No protesto em frente à embaixada, as afegãs clamaram por liberdade. “As mulheres querem que seu país seja livre. Querem a reconstrução do país. Estamos cansadas”, declarou Sarah Fahim. “Queremos que nosso povo tenha uma vida normal. Quanto tempo teremos que viver nesta situação?”, indagou a jovem de 25 anos.
A comunidade internacional tem reiterado que vai julgar o Talibã por suas ações no novo governo, retomado 20 anos depois da expulsão efetivada por uma coalizão liderada pelos Estados Unidos.
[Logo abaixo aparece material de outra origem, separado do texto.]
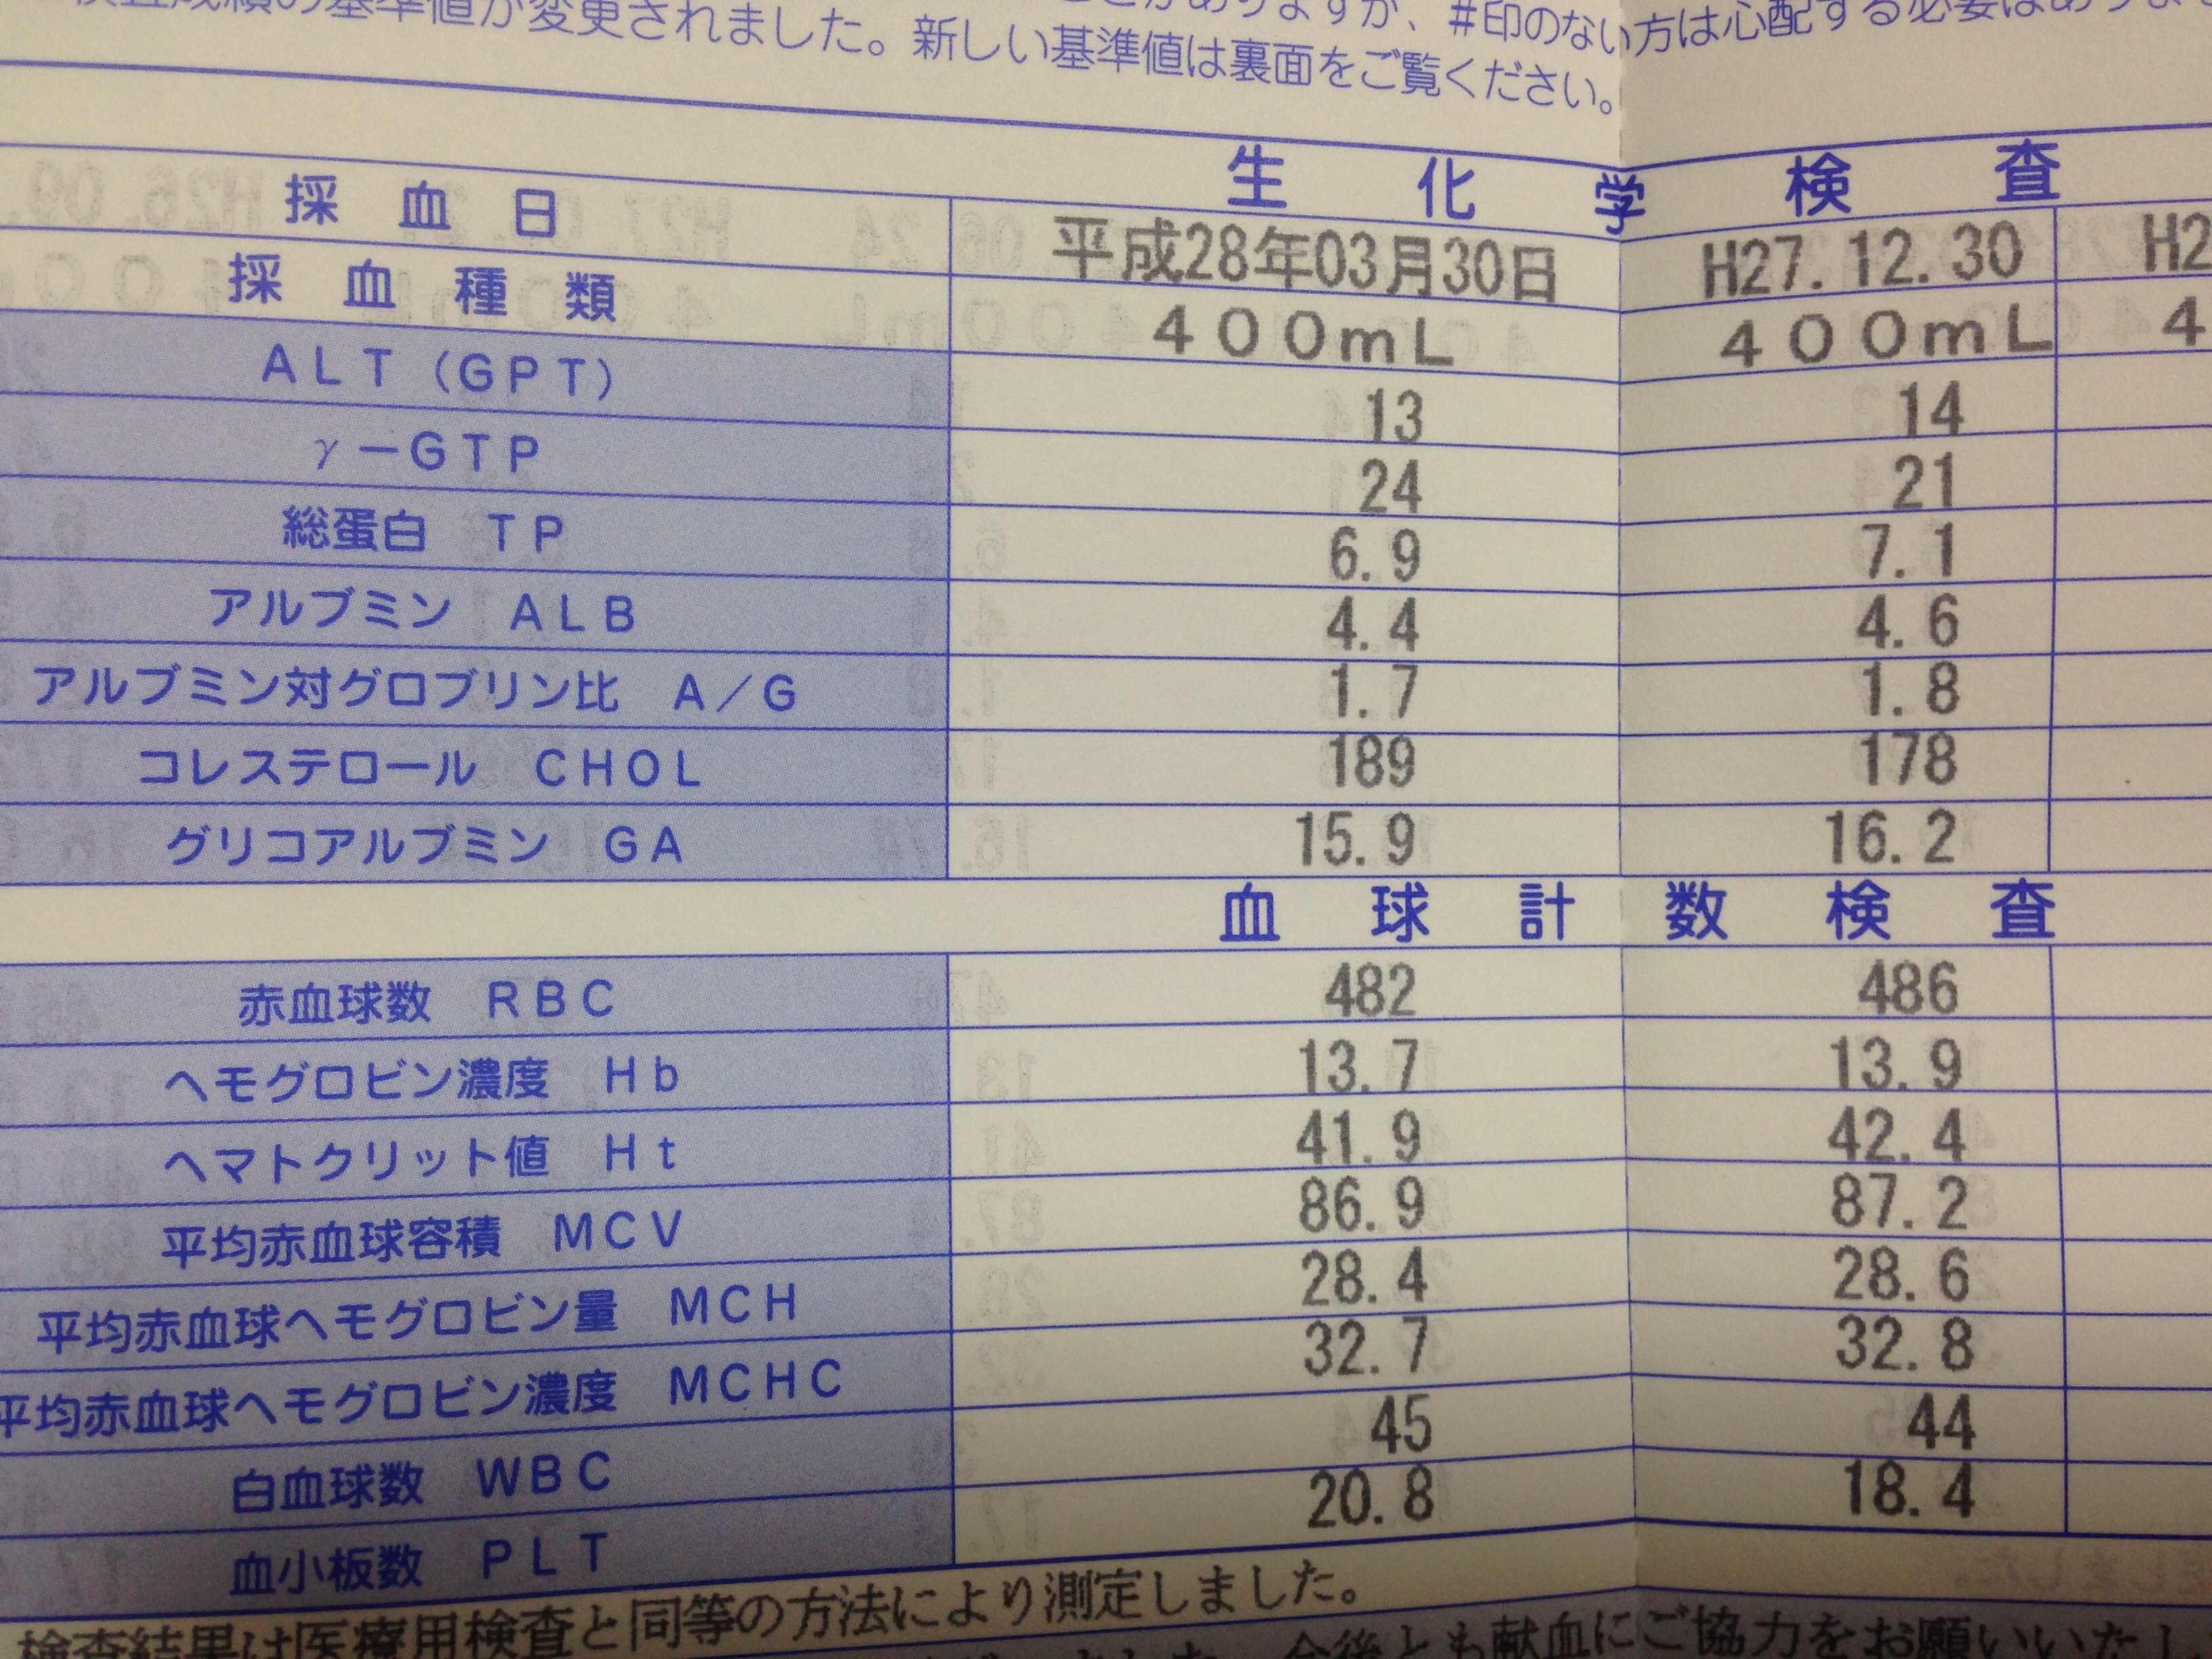 献血の血液検査の結果 グリコアルブミンの数値が下がりました。

O movimento radical prometeu respeitar os direitos das mulheres, violados durante o primeiro regime, de 1996 a 2001. Mas suas promessas não convencem.
Compromisso
Durante uma visita ao Catar, o secretário de Estado americano, Antony Blinken, afirmou que as novas autoridades em Cabul prometeram, novamente, que permitirão a saída de todos os afegãos que desejam abandonar o país. “A comunidade internacional espera que o Talibã respeite este compromisso”, disse o chefe da diplomacia do governo Joe Biden, ao lado do secretário de Defesa, Lloyd Austin.
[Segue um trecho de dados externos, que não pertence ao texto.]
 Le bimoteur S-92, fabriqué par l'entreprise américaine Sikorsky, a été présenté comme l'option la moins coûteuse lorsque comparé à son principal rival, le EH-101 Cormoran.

A Casa Branca é alvo de pressão, depois que várias informações apontaram que centenas de pessoas — incluindo alguns americanos — estariam bloqueadas no aeroporto de Mazar-i-Sharif, no norte do Afeganistão .
» As faces do poder
Mohammad Hasan Akhund
Natural de Kandahar, o novo primeiro-ministro afegão foi aliado próximo e conselheiro político do fundador do movimento e líder supremo,
mulá Omar. No primeiro governo do Talibã, foi chanceler, vice-premiê e governador da província de Kandahar. De acordo com a ONU, Akhund é conhecido por ter sido um dos “comandantes talibãs
mais eficazes”.
Mulá Baradar
O cofundador do movimento Abdul Ghani Baradar será o número dois do novo Executivo. Figura respeitada por várias facções talibãs, Baradar coordenou as negociações realizadas em Doha com o governo do então presidente americano Donald Trump, que levaram à retirada das forças estrangeiras do Afeganistão.
Abdul Salam Hanafi
Dividindo com Baradar a posição de número dois do governo, Hanafi foi o vice-ministro da Educação no primeiro governo do Talibã, que proibiu a escolarização das mulheres. Depois que o movimento islâmico foi destituído do poder em 2001, ele assumiu a província de Jawzjan, controlado pelo grupo. O Conselho de Segurança da ONU o acusa de envolvimento com tráfico de drogas.
Sirajuddin Haqqani
O novo ministro do Interior é filho do famoso comandante da jihad antissoviética Jalaluddin Haqqani. Ele lidera uma organização com seu sobrenome, fundada por seu pai, considerada terrorista por Washington, que garante ser uma das facções mais perigosas enfrentadas pelas tropas afegãs e da Otan nas últimas duas décadas. O FBI prometeu recompensa de até US$ 5 milhões por qualquer informação que possa levar à prisão de Haqqani.
O mulá Yaqub
O filho do mulá Omar assume o cargo de ministro da Defesa. Yaqub é o chefe da poderosa comissão militar do Talibã, que decidiu a estratégia do movimento na guerra contra o governo afegão. Os laços com seu pai, altamente reverenciado como o chefe do grupo, fazem dele uma figura unificadora dentro de um movimento amplo e diverso.